**SOURCE DATA**

===

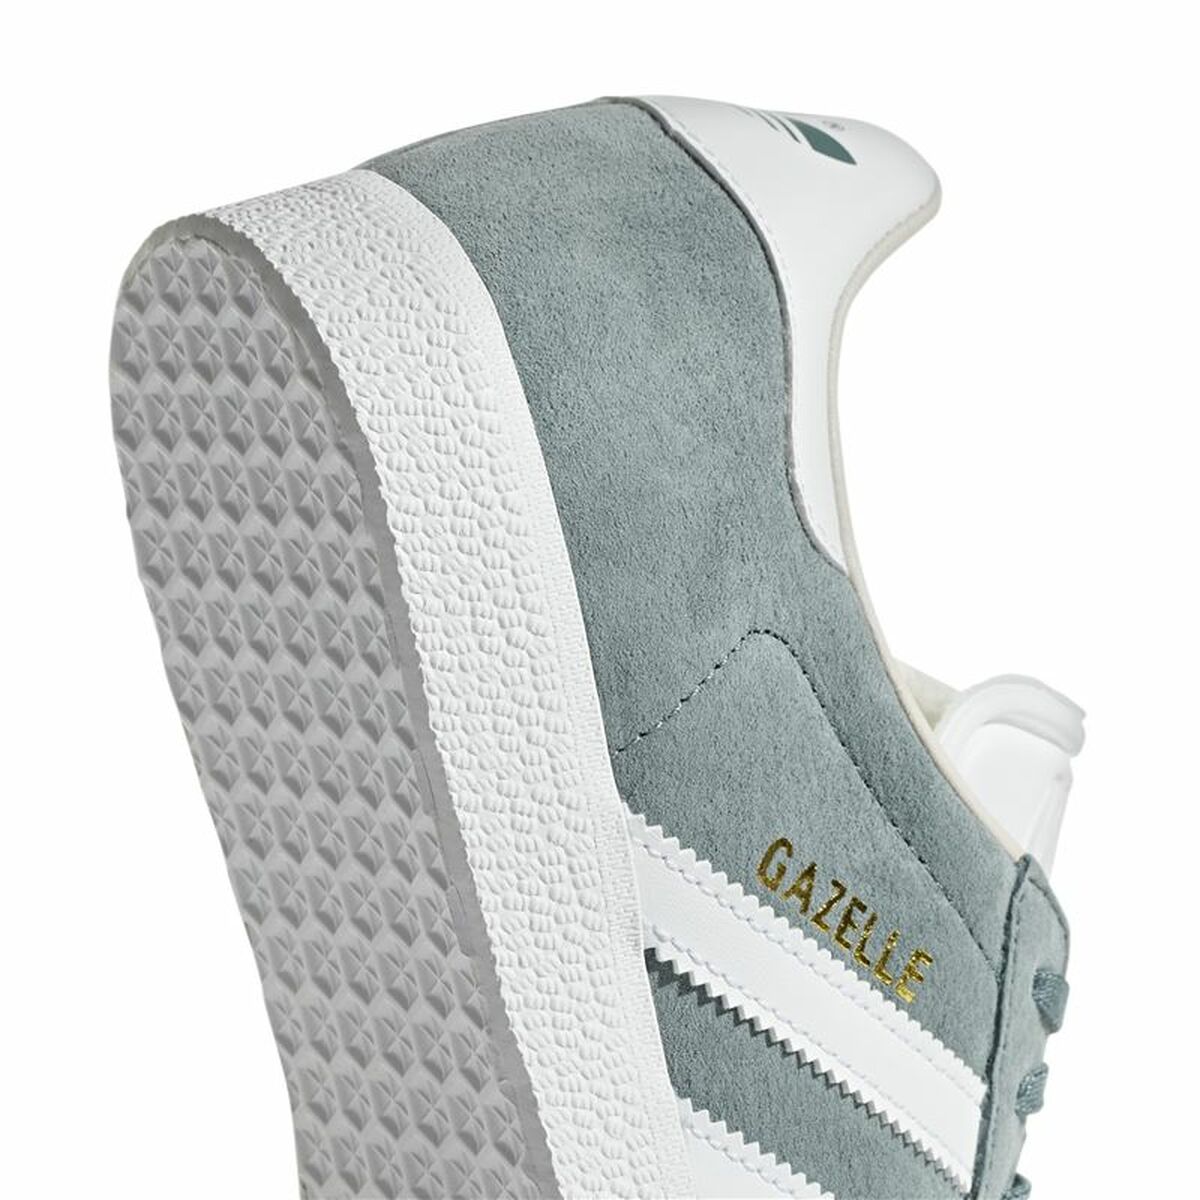 Scarpe Sportive da Donna Adidas Originals Gazelle Verde
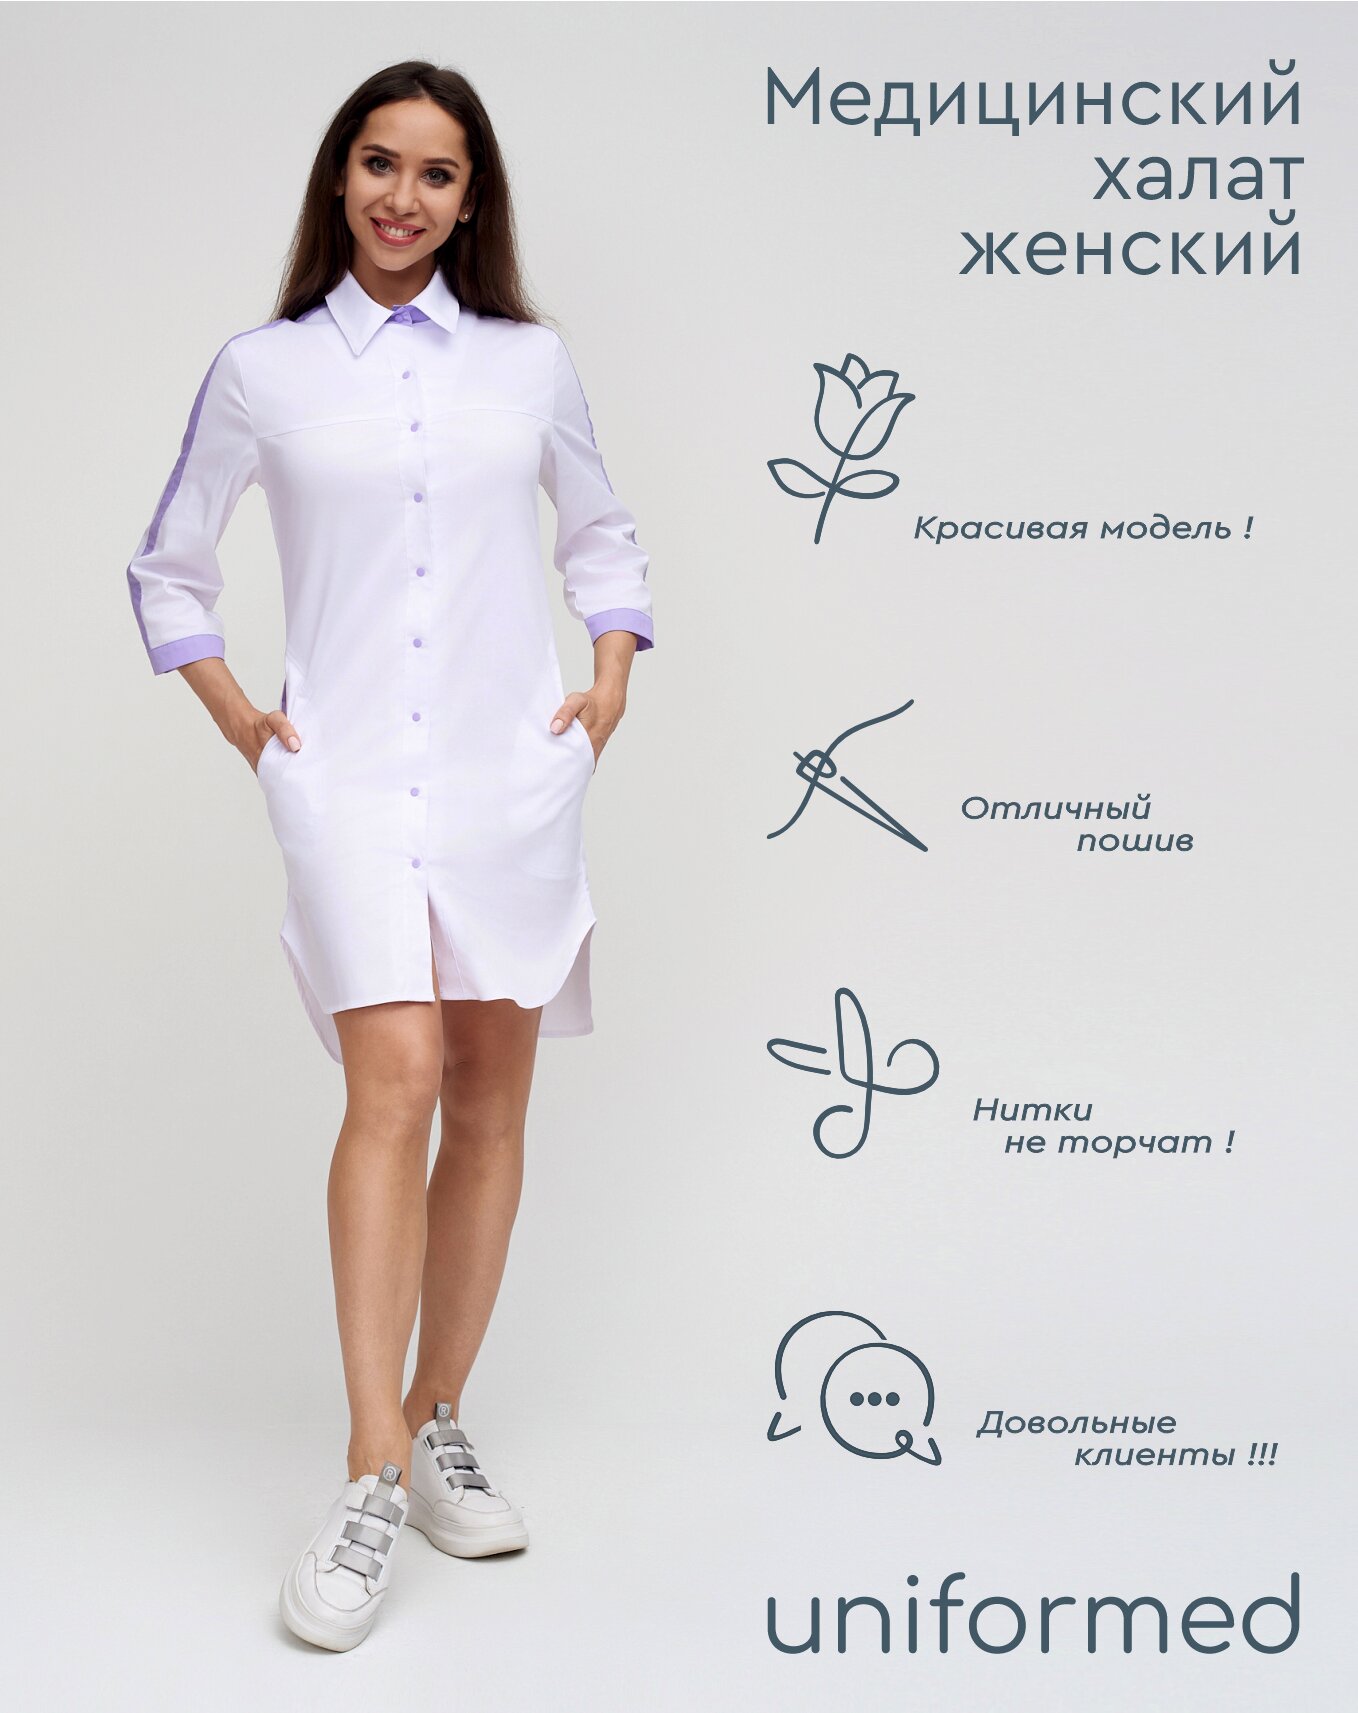 Медицинский женский халат 370.4.2 Uniformed, ткань сатори стрейч, укороченный, рукав 3/4, на кнопках, цвет белый, отделка сиреневая, рост 170-176, размер 54
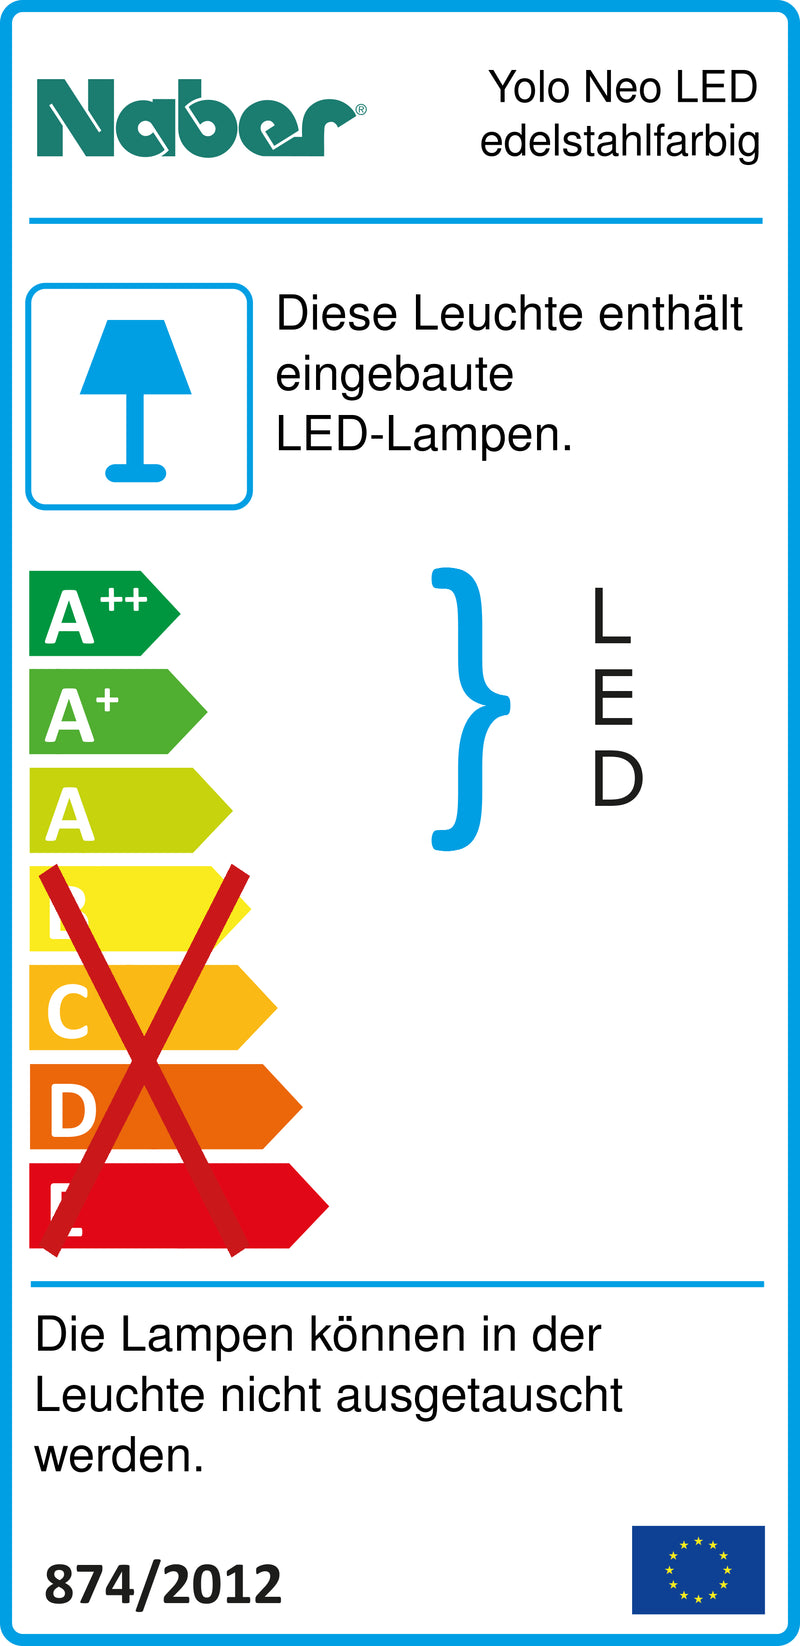 E-Label zu Zeichnung zu Yolo Neo LED edelstahlfarbig als Variante Set-2, 3000 K warmweiß von Naber GmbH in der Kategorie Lichttechnik in Österreich auf conceptshop.at

===

**PROBLEM DETAILS**
The answer must be the full listing, exact in every line, with the pictures removed.

**PROBLEM SOLUTION**
 Scarpe Sportive da Donna Adidas Originals Gazelle Verde
 Медицинский женский халат 370.4.2 Uniformed, ткань сатори стрейч, укороченный, рукав 3/4, на кнопках, цвет белый, отделка сиреневая, рост 170-176, размер 54
 E-Label zu Zeichnung zu Yolo Neo LED edelstahlfarbig als Variante Set-2, 3000 K warmweiß von Naber GmbH in der Kategorie Lichttechnik in Österreich auf conceptshop.at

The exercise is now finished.